Keto – 1 Month Review

About a week and a half ago – 3 weeks into eating a LCHF diet – I added high intensity interval training (HIIT), as often as time permits, which isn’t much – I think I’ve had 4 sessions since I started.  I do 30 seconds of running uphill (5.5 mph, 6% incline), and then 4 minutes of slow walking (2 mph, 0 incline).  Repeat 4 more times.  So really I’m doing only about 5 minutes of hard work per week.  Since I started this I’ve lost 5 pounds and my fasting blood sugar has dropped from around 114, where it’s been stuck for 3 weeks, to about 102.  Post-prandial blood sugar (at 2 hours) is usually in the 80s.

I’m sleeping better, I have more energy, my mood is better than when I was eating carbs every day.

My usual diet:

  • Breakfast: eggs (1 whole egg plus 2 egg yolks cooked in coconut oil) and 1/2 of an avocado.  Sometimes a couple ounces of meat if I’m particularly hungry, but I notice ketones drop quickly if I eat too much protein.
  • Snack (because I can’t make it the 6 hours till lunch without one): bulletproof coffee (16 oz coffee with 2 Tbs unsalted grassfed butter and 2 Tbs MCT oil.  Yes, I’m using the actual, authentic mycotoxin-free upgraded coffee from Mr. Bulletproof himself).
  • Lunch: 1/2 avocado, 1-2 Tbs. homemade mayo, about 4 oz of chicken/fish/steak, a bunch of kalamata olives.
  • Snack – whatever coffee is still in my thermos, maybe some macadamia nuts
  • Dinner – a small-medium portion of whatever my family eats – last night it was cod cooked in butter.  I have been avoiding the veggies to see if it makes a difference one way or the other.
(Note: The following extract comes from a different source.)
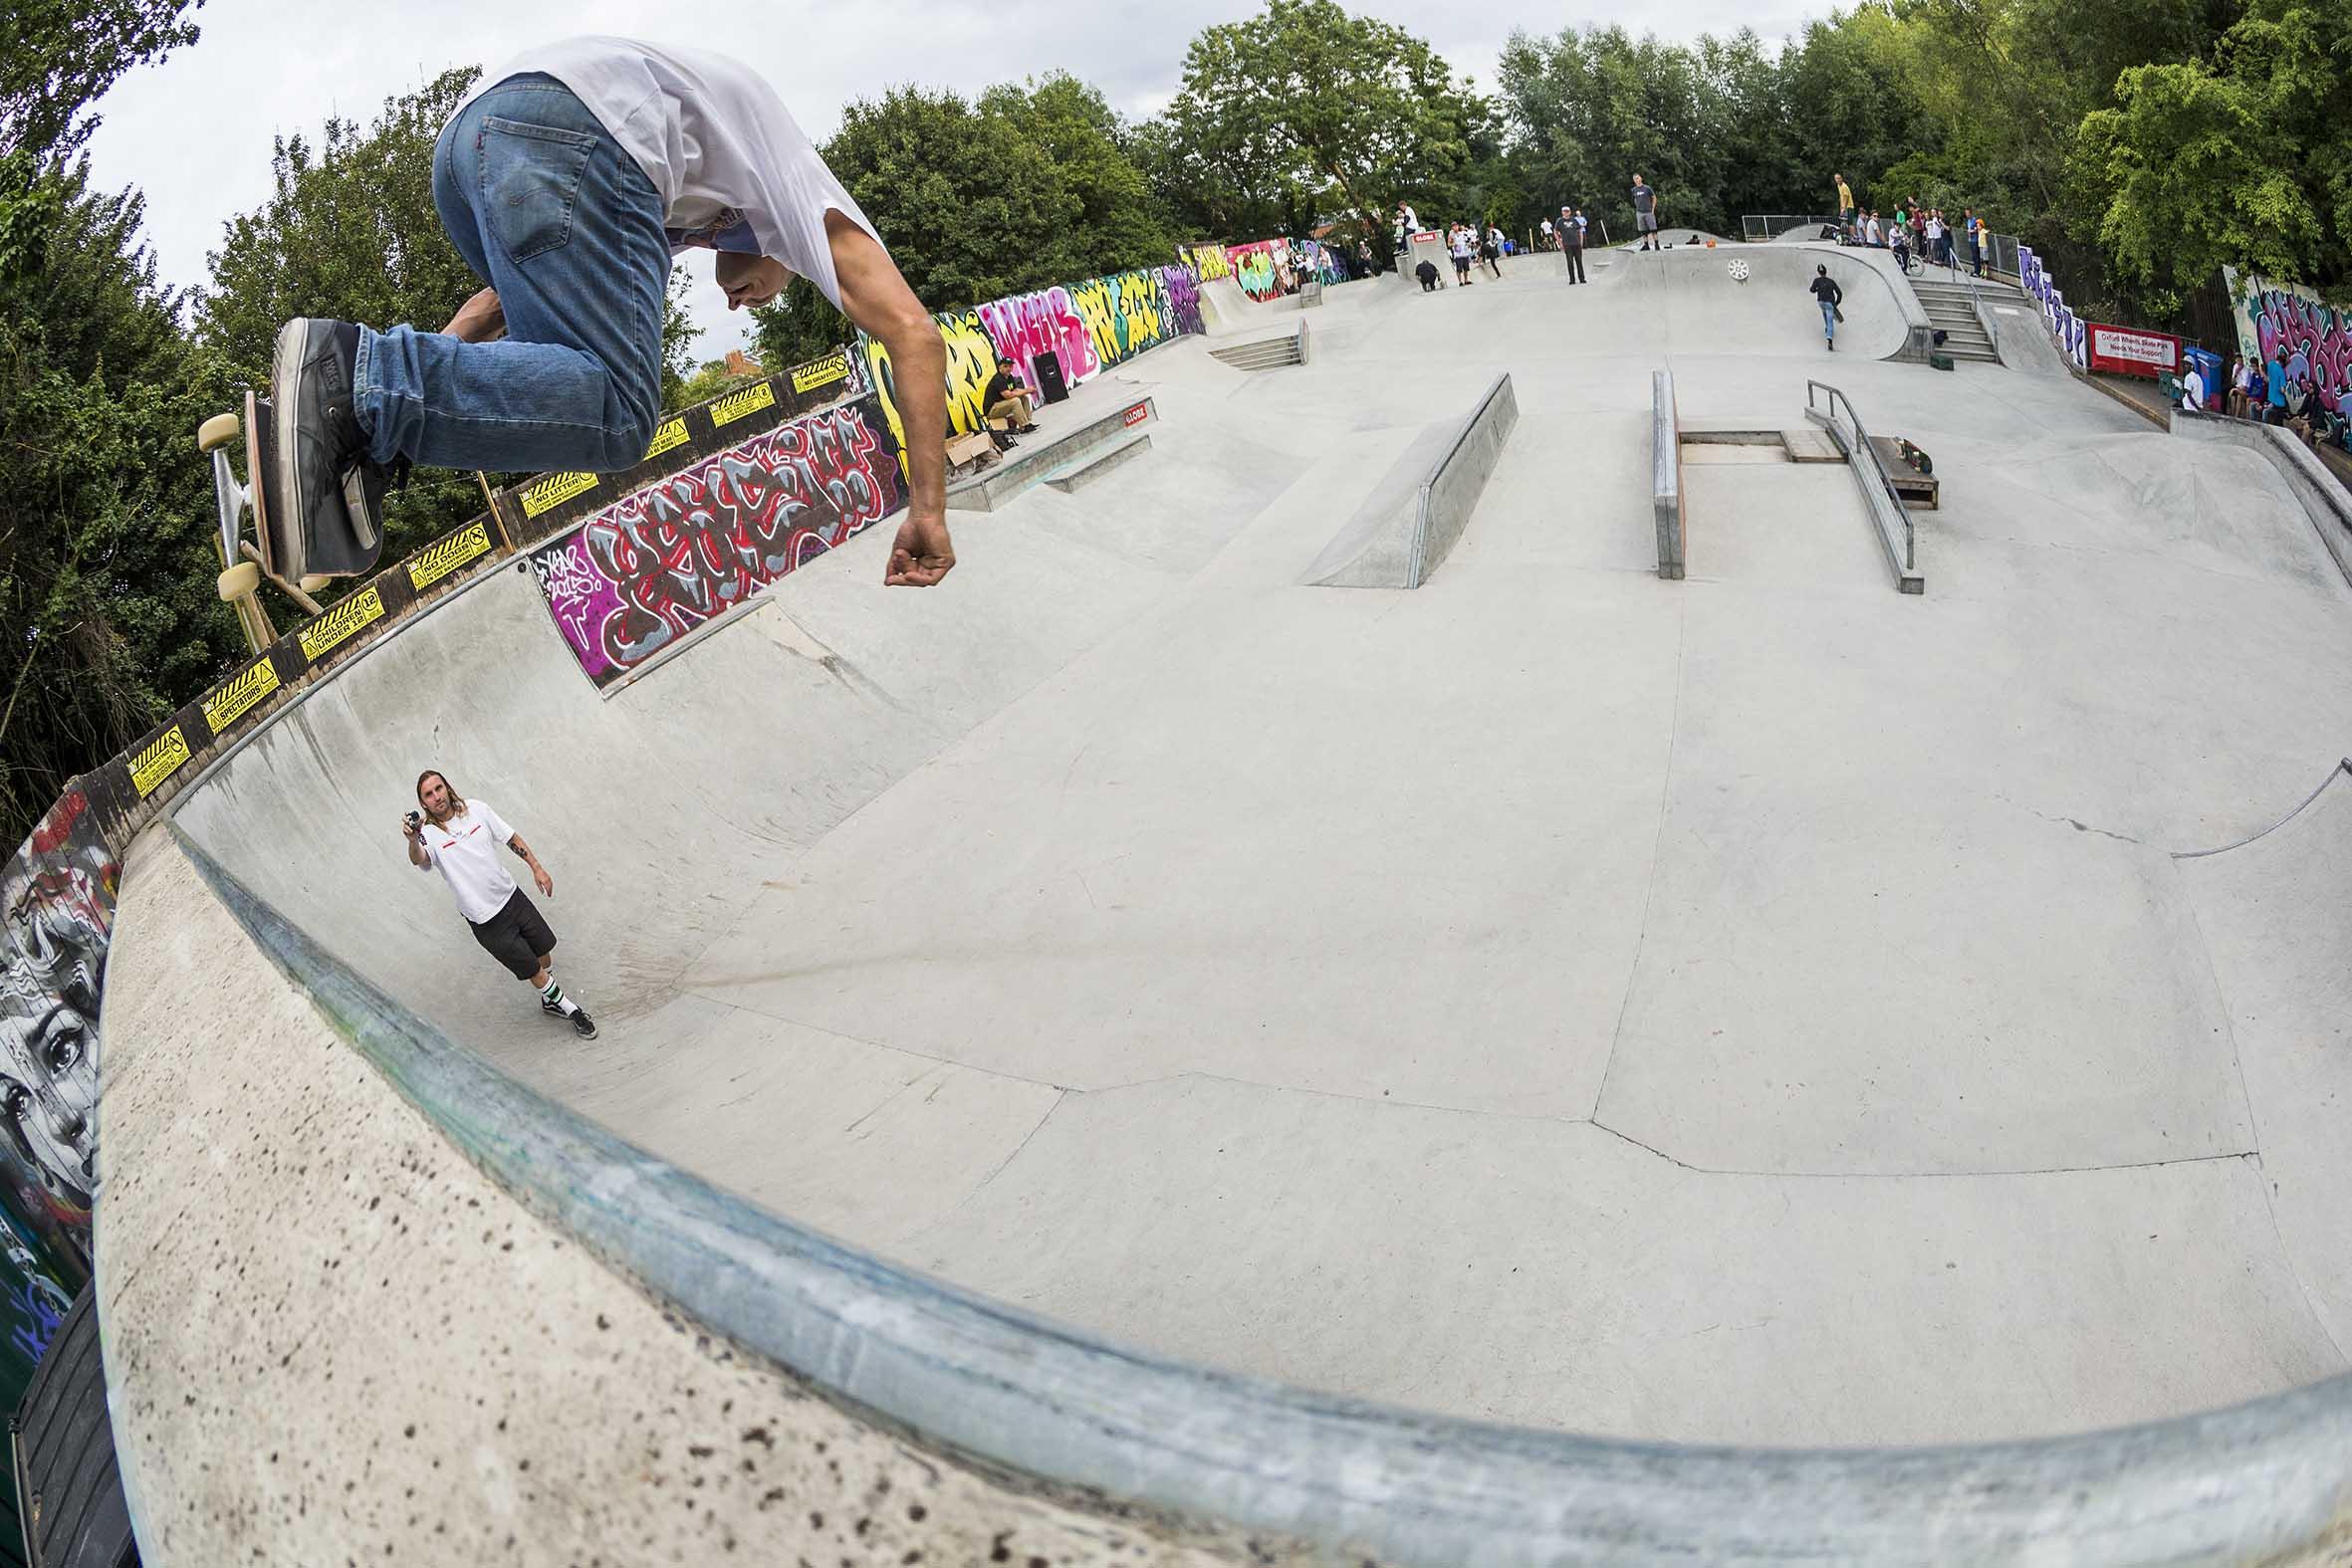 Greg Nowik - backside air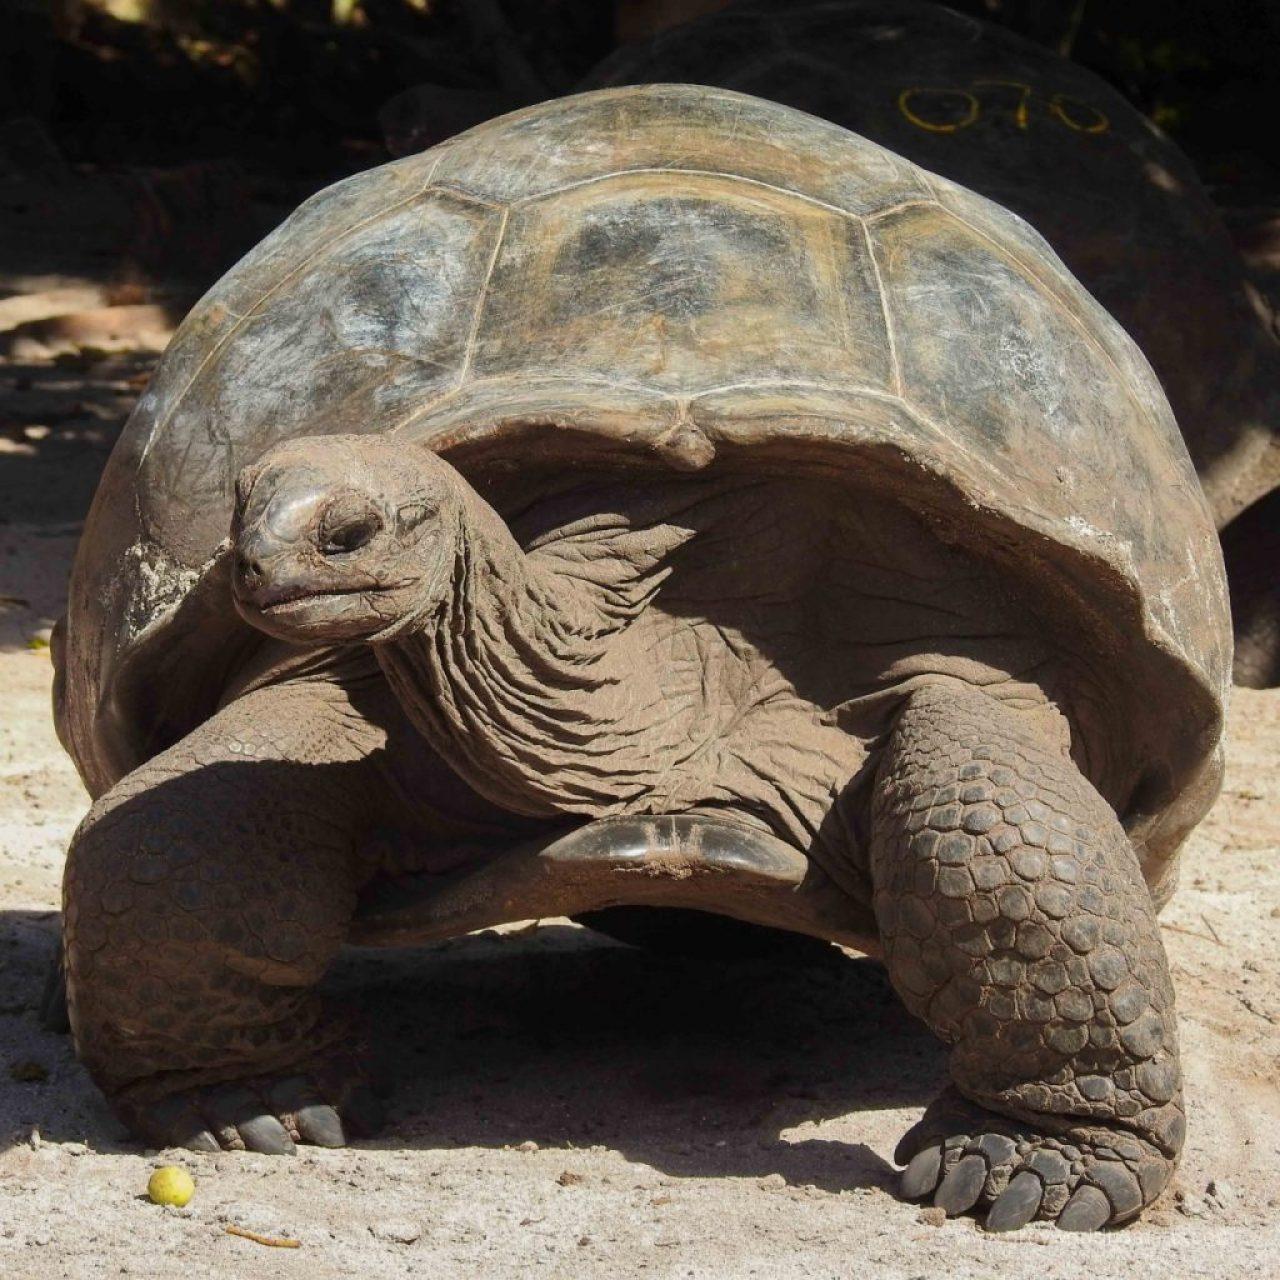 turtle island seychelles, ile curieuse seychelles, ile de tortues

I’m hungriest in the morning, and have been eating till I’m not hungry anymore.  I might experiment with getting rid of that last egg white, and see if that reduces hunger by reducing impact on insulin levels.

Current supplements:

Medications:

  • Hydrochlorothiazide – 25mg/day (for hypertension)
  • Methyldopa – 250mg 3x/day (for hypertension)

I quit taking the Metformin.  It made my breasts stupid big and really sore and after 3 weeks it just wasn’t going away.  I figured I could manage without it eating Keto anyway.  So it’s gone.  Now, a couple weeks later, my bras still don’t quite fit.  Hot flashes are starting to come back as hormone levels return to baseline.

Marriage update:  Things are on cruise control.  It’s a real pain in the ass to split up.  For now, we’re just getting through the day to day, no movements in that direction.  He doesn’t want to split up and I’m not sure my life would be better if we did.  We get along well so it’s not painful.  Not the marriage I thought I had, but many things in my life are wonderful, so this is fine for now.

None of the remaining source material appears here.